If there was any time to reminisce about their past adventures, it’s now, as they mark the 30th anniversary of when they first formed as a group, with a monstrous tour announced for next year and the launch of their greatest hits album. There’s much to recall: their early days as leather-clad pop hopefuls towing the industry line, their game-changing breakthrough with It Only Takes a Minute, surviving the rise and fall and rise of bandmate Robbie Williams, and reinventing themselves from teen heartthrobs to dads of distinction.
Today, they’re in great form. They barely have a serious word to say between the three of them, and there’s clearly a lot of love as they look back over their time together.
But sparked by present company, it seems they’re more interested in their times in Ireland, where during their frequent visits, they played in Croke Park and 3Arena multiple times and made many an appearance on The Late Late Show.

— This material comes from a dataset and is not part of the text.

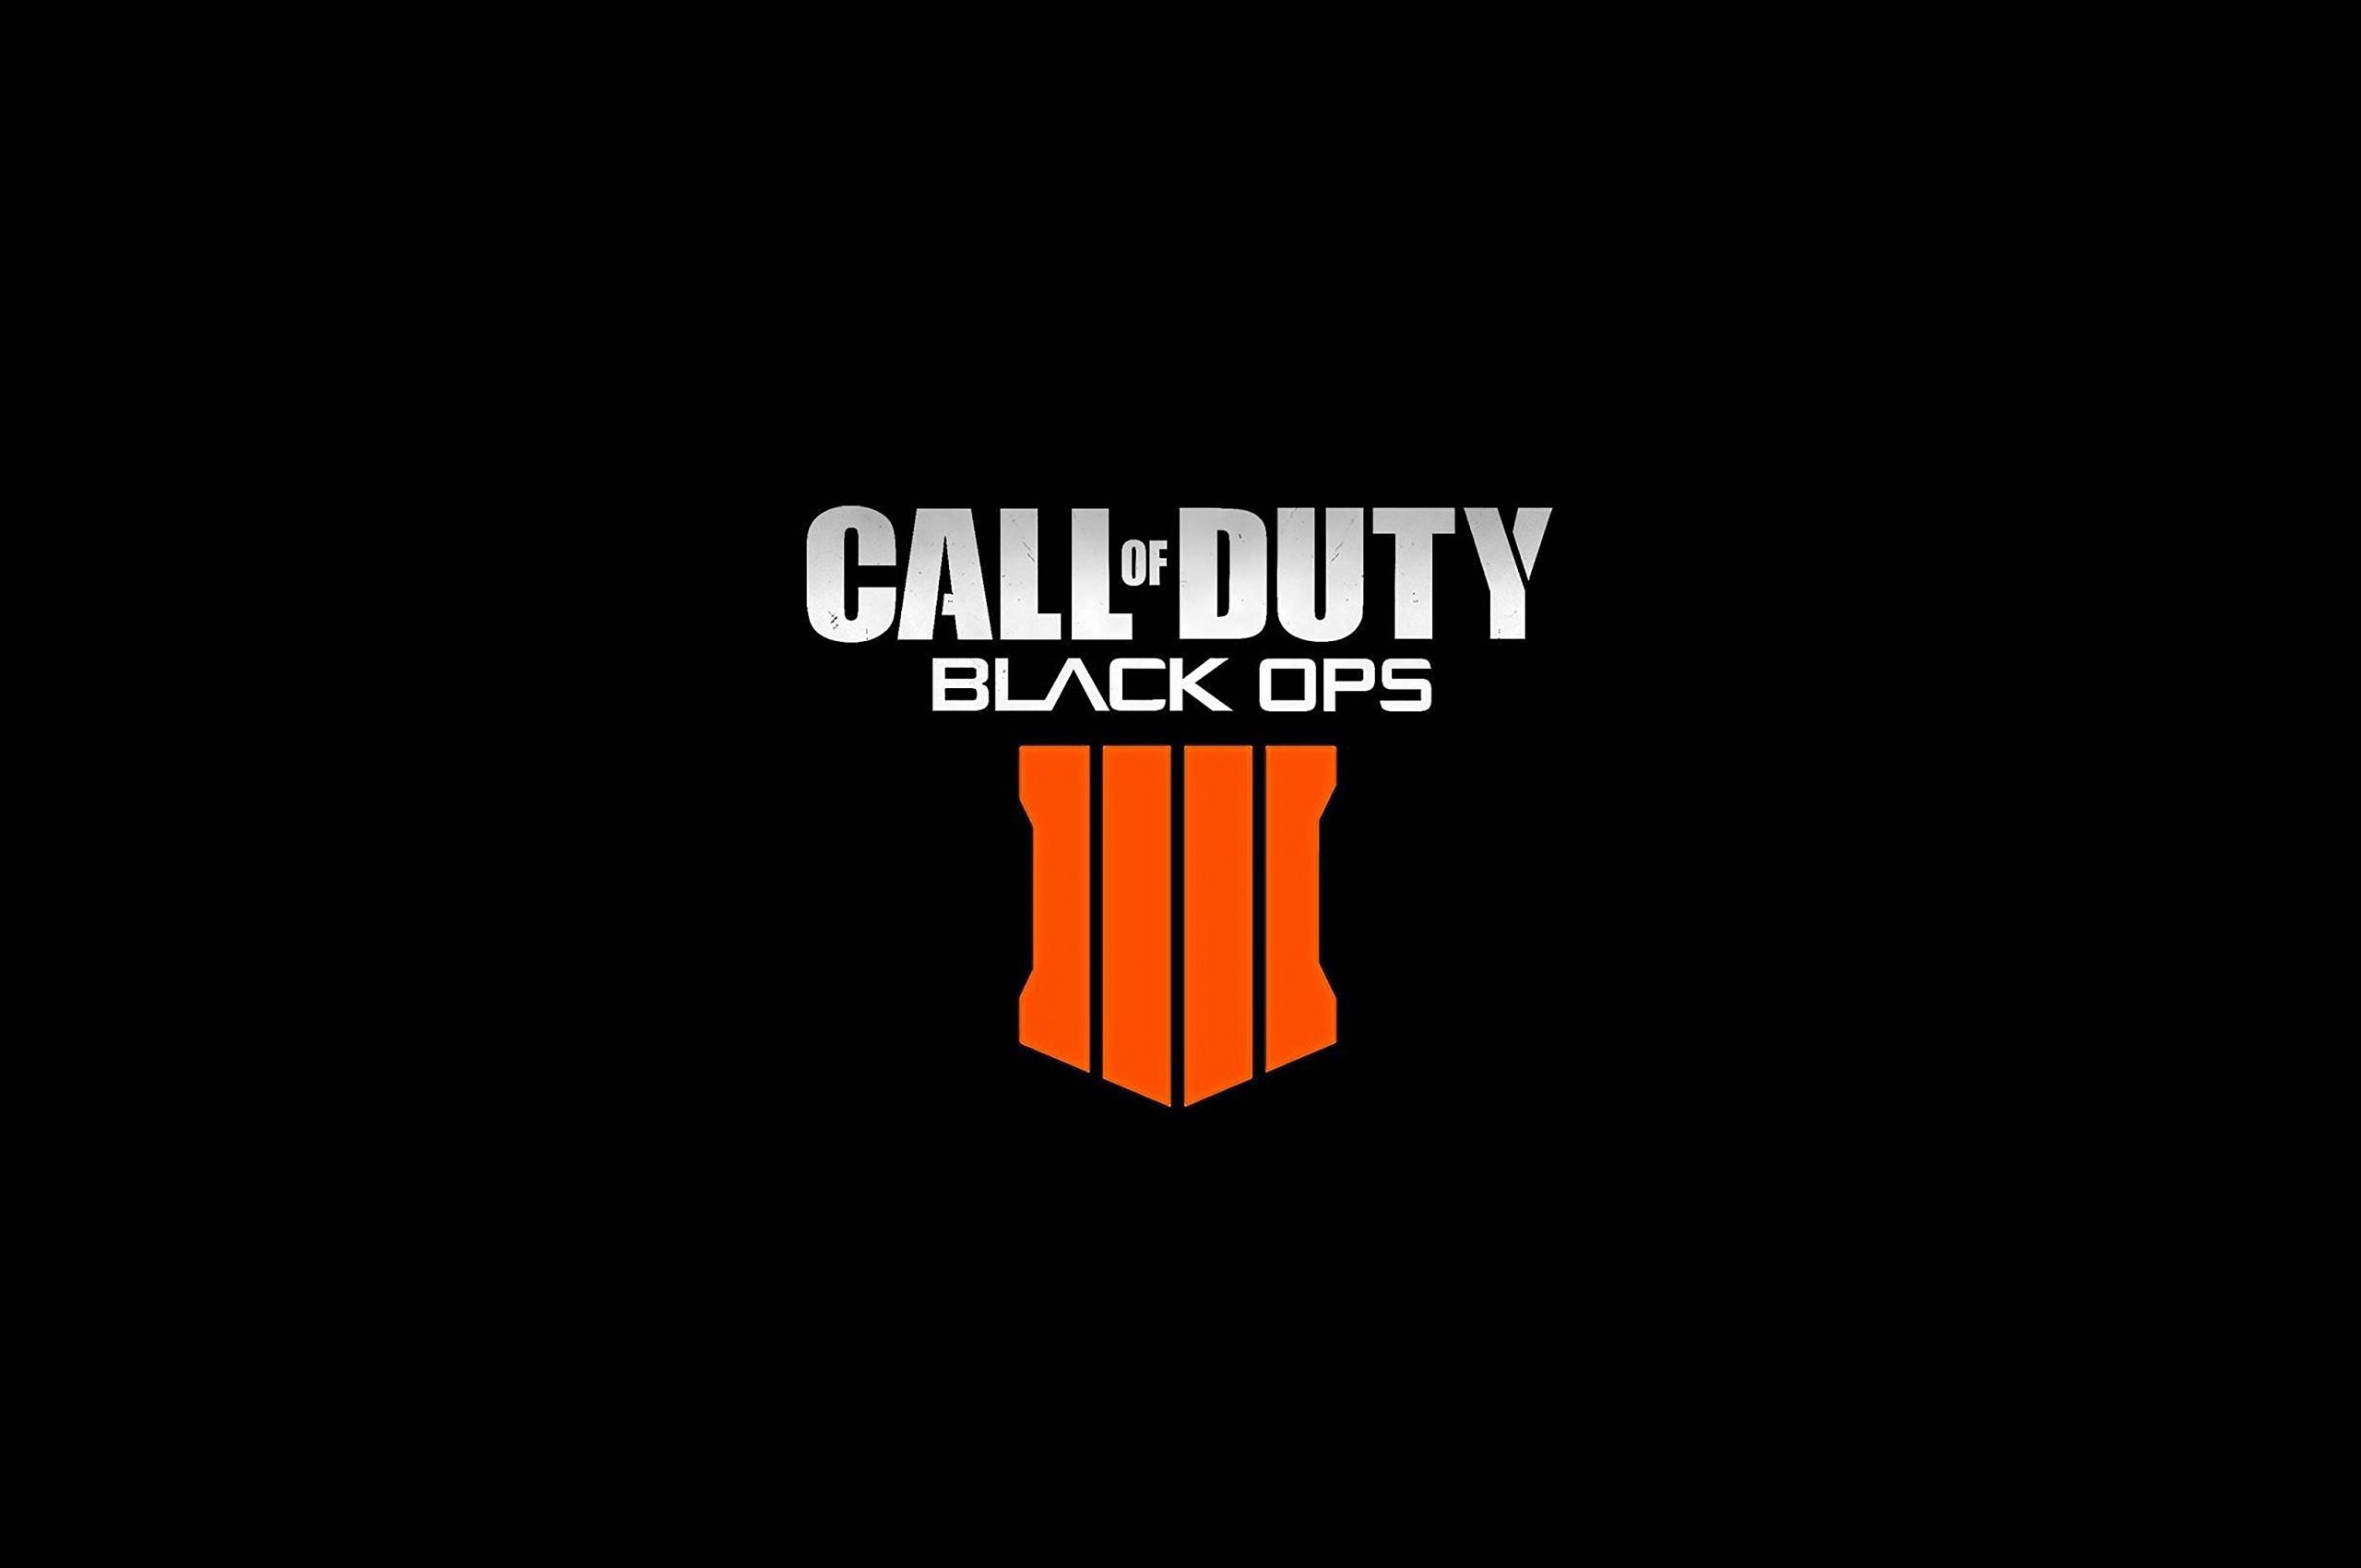 Free Download Call Of Duty Black Ops 4 4k 8k Hd Wallpaper 4

“When we go to Ireland we always go back to Shanahan’s on the Green,” says Gary. “We cannot go to Dublin without going there. It’s worked into the schedule one way or the other. Basically, we always come back for the food.”

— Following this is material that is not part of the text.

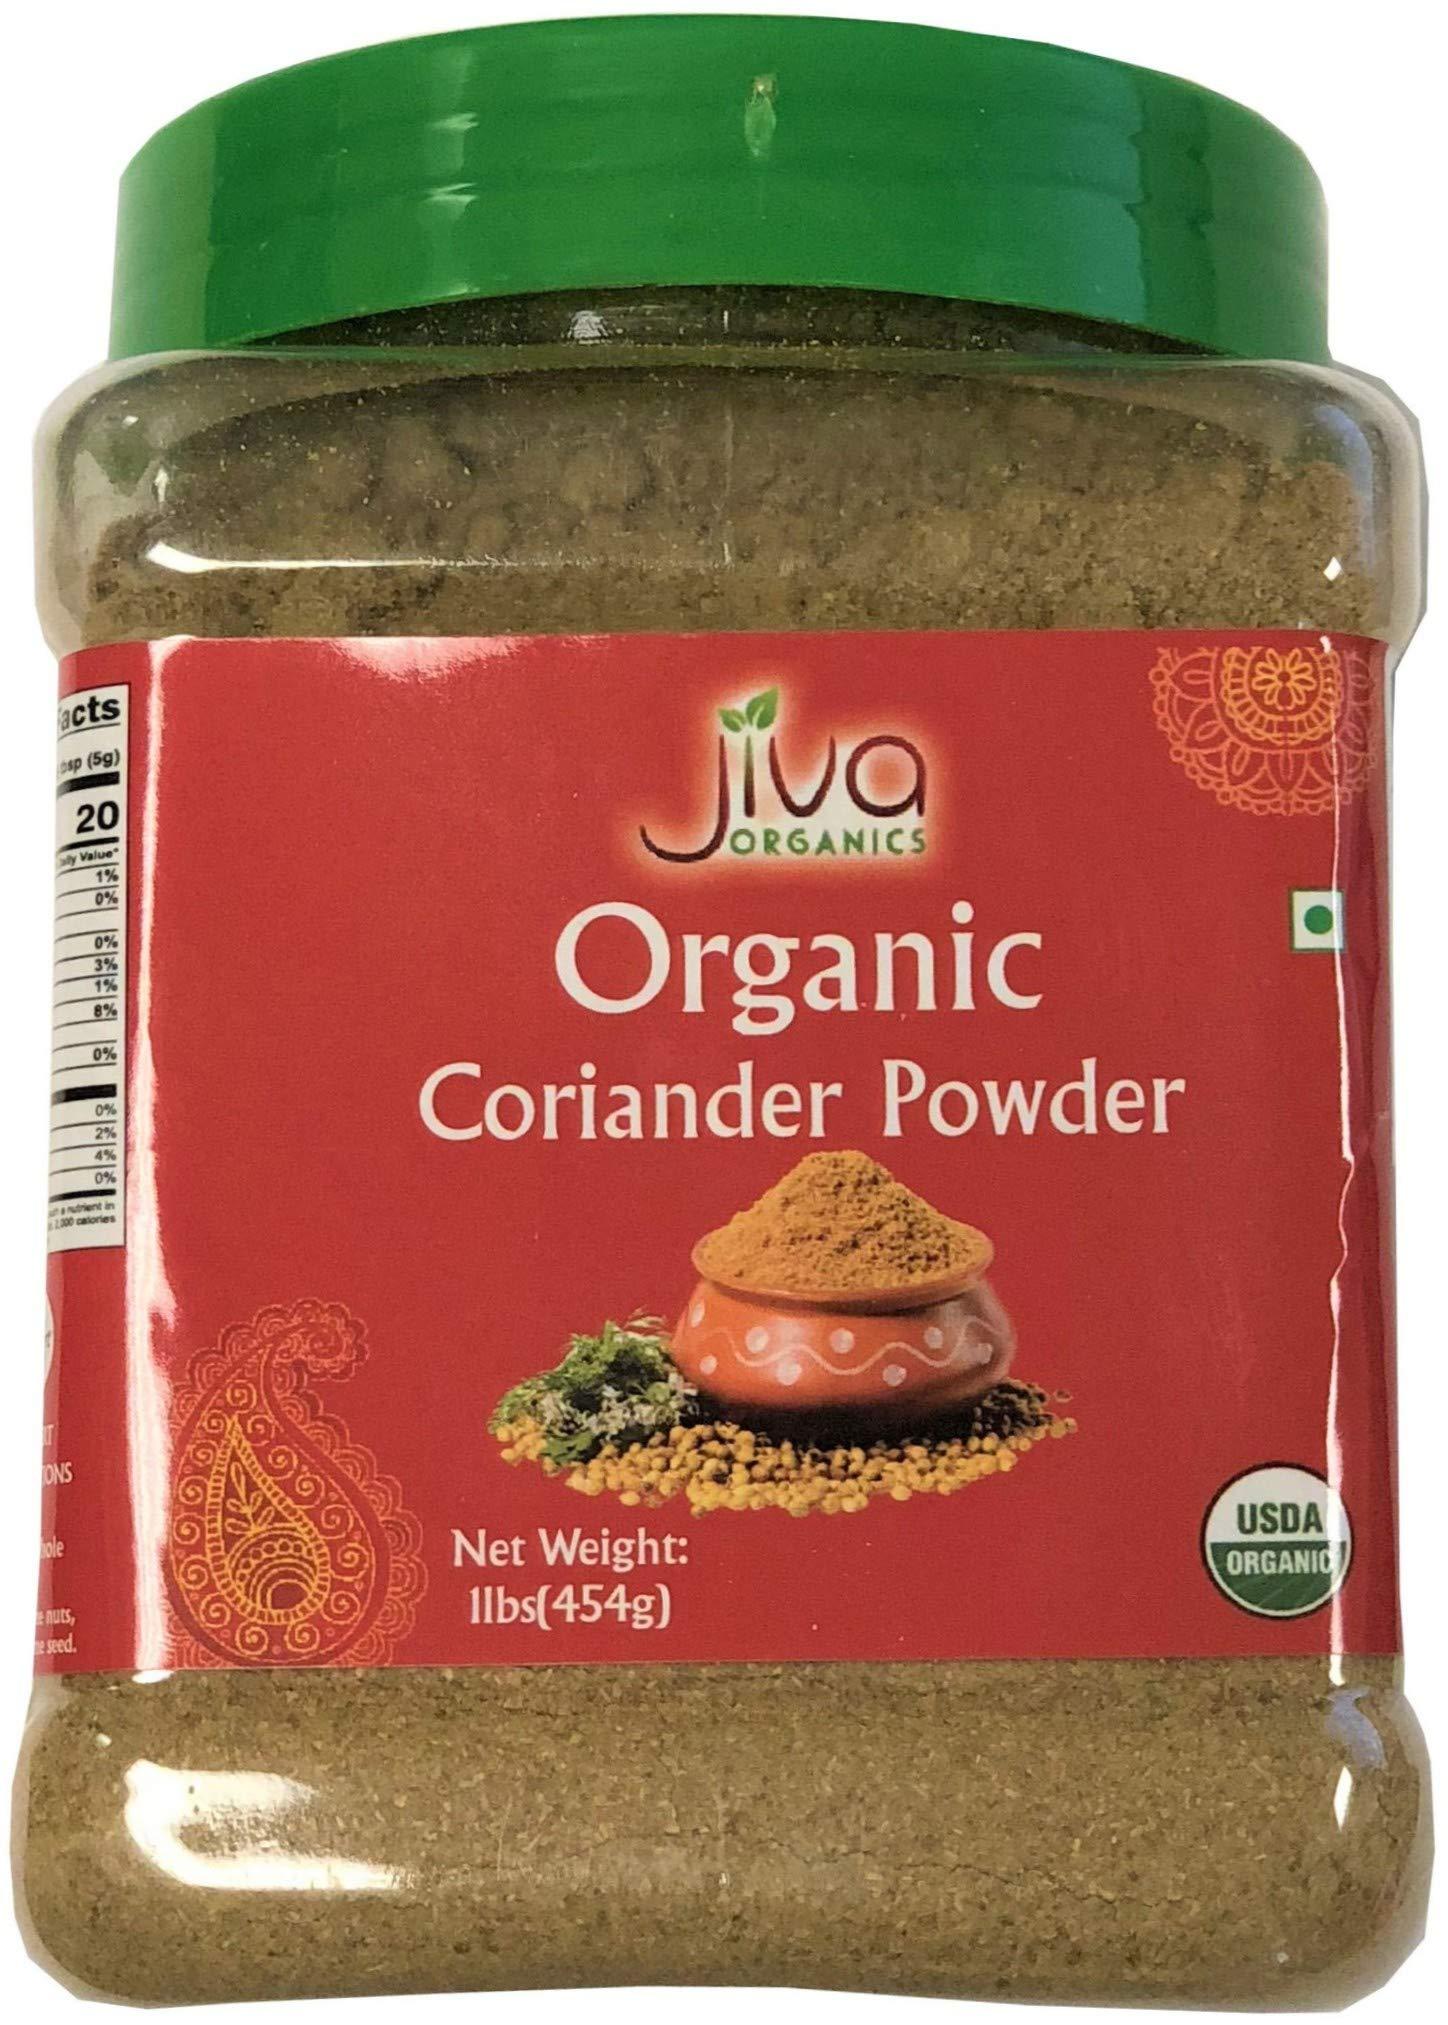 Jiva USDA Organic Coriander Powder 1LB (16oz) - Packaged in Resealable Jar

Howard and Mark interject with their appreciation for their steaks and the sweetcorn, before Mark, cosy in a knitted cardigan of either cannabis or palm trees, we can’t decide, recalls touring Northern Ireland before the Good Friday Agreement came into effect.
“It was a different place 30 years ago,” he recalls. “In our early days, it was quite divided. You felt tension in the air.”
“I remember when we got pulled over in the car by police. I had to get out, and the whole car was searched,” says Howard.
Of course now, Brexit looms and the peace in Northern Ireland might well be compromised. Are they following the news about it?
“No, I’m not,” says Mark. “I don’t know really what’s going on over there with it.”
Howard: “We don’t really know what’s going on over here.”
Gary: “Neither do the government, don’t worry.”
“I just hope that whatever happens is an improvement of life for everybody,” says Howard, remarking on Brexit more generally. “I love the part of being able to go wherever you want in Europe. I’ve got a daughter in Germany, and I’ve got an apartment in Germany, and I hope nothing ever happens to that that I can’t go over easily and freely. Everybody should be able to go wherever they want.”
“Yeah, I agree,” adds Mark. “I’m of the ‘one world’ thought. I don’t like to see any divides, I don’t see the world like that. So I find it quite difficult that they exist.”
If these fears come true, they might find themselves spending more time applying for visas. To mark their 30 years, they’re heading across Europe next summer, including two sold out shows at the 3Arena at the end of April.
They say good things happen in threes and as it turns out, they’re on the road just as their yesteryear counterparts Westlife and Spice Girls reunite.
“It’s an interesting thing, the nostalgia,” says Gary. “It feels like nostalgia is safe: ‘I’ve been here before. I know this’. It’s a funny world at the moment that we’re living in. And people like something they know. I don’t think it’s by accident that all these bands are being embraced.
“I always feel that the business we’re in is making people happy. It’s something I realised when I was 11 years old, and the neighbours came around. I played piano for them, and they all started applauding and smiled. And I went, ‘I like that’. I realise I’ve spent most of my life with the intention of just making people happy. It’s the most fantastic thing you can do in your life.”
For the Spice Girls in particular, whose reunion is sans Victoria Beckham now that she’s busy with fashion and family, Take That’s fortune is an example of how, for pop acts, the whole is greater than the sum of its parts. They’ve weathered the going and coming of Robbie, as well as Jason Orange, who left the band in 2014 to step out of the limelight. That means they’re confident the fuss around Posh Spice’s absence shouldn’t affect the Spice Girls’ return.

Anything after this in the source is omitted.